So. It’s been a couple years since I could say that I was a practicing Kemetic, and it’s been even longer since I paid any attention to this space.
My mother died two years ago (coming up on three) and during the “cleaning up the pieces” process, I stopped paying attention to my shrine and I slowly backed away from anything but the simplest of actions regarding my temple.
If I’m completely honest with myself, I was edging away even sooner than that, for other personal reasons, but my mother’s death really severed any energy I had to think about faith or community.
In October of this last year, someone (my doctor) finally realized that I had hit rock bottom, and I was put in the hospital. I made a lot of revelations and spent a lot of time thinking about who I am and who I want to be. At no point did I consider my faith.
I don’t know if that means anything. I think that the hard truth is that I was scrabbling to gain purchase in my life and I could only focus on the basics. What could hold me to this life. I realized a few weeks later, after I was released, that I didn’t consider my faith one of those things.

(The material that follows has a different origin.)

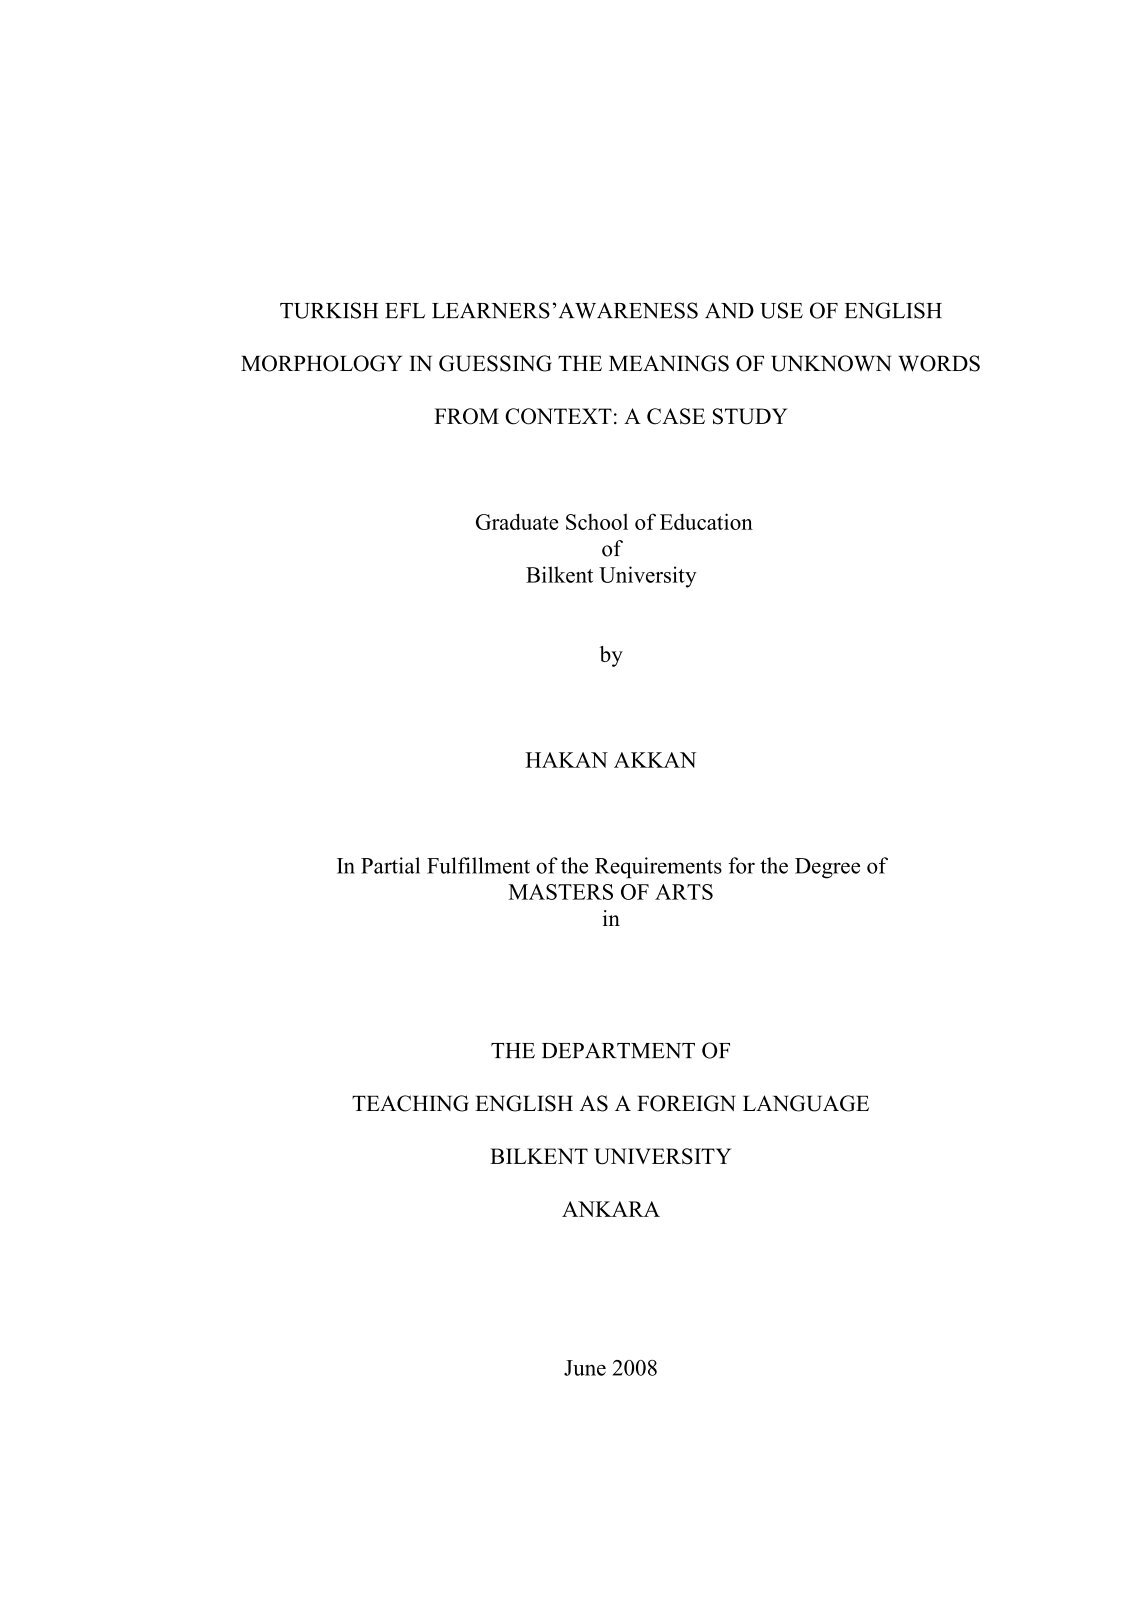 https://img.yumpu.com/27094346/1/1140x1616/turkish-efl-learnersawareness-and-use-of-english-bilkent-university.jpg?quality\u003d85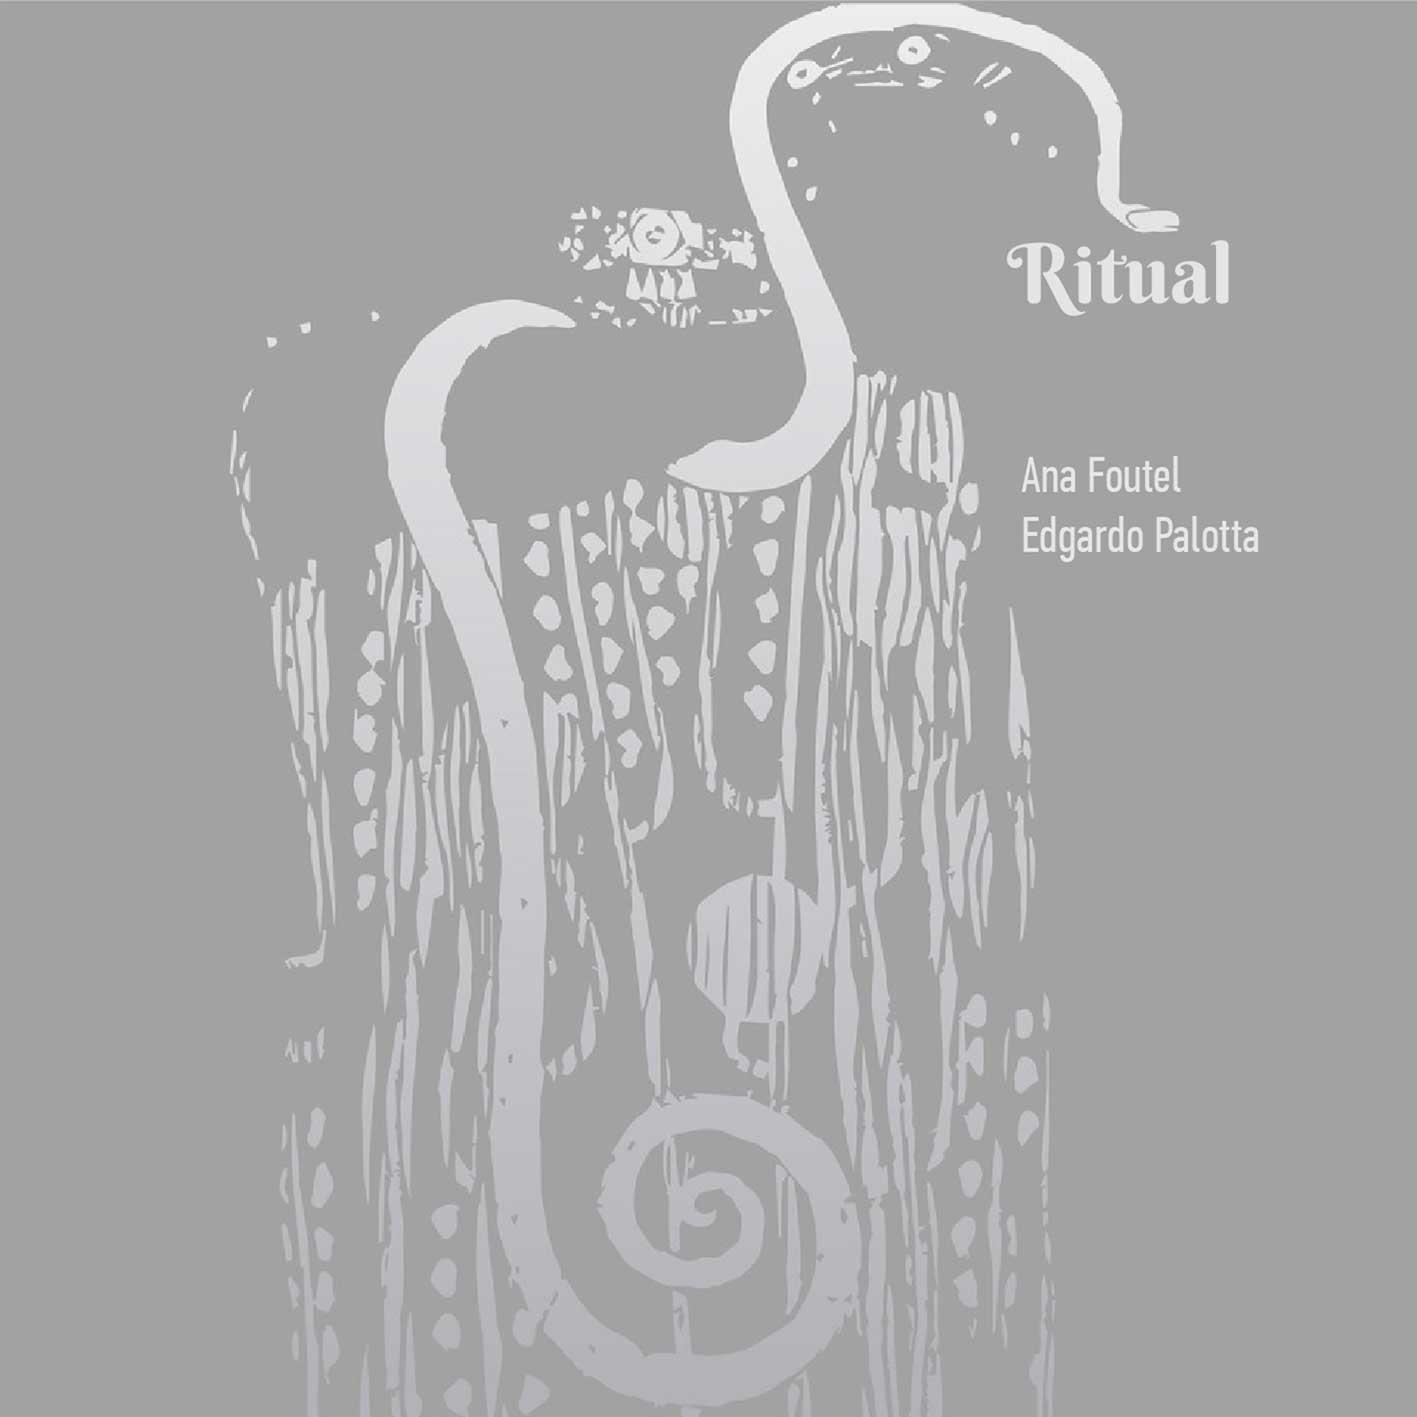 Ana Foutel / Edgardo Palotta – Ritual

I took a long hard look at my shrine, which I had never packed away, and decided once and for all, to just back away completely.
I dreamed that night, and every night after that, for a week. Nothing clear and specific, just memories of the people I was once close to, what it was like to feel close to Nejter and especially my Father. I followed those feelings and slowly reopened what small connections I remembered.
It hurt, at first. And I felt lost. I gave up so much over the years, preferring to hole up inside my head space and focus on surviving.
But I’m here now, and after some soul searching, I think I’m ready to jump headfirst into what it truly means for me to be Kemetic. And for the first time in years, I feel hope.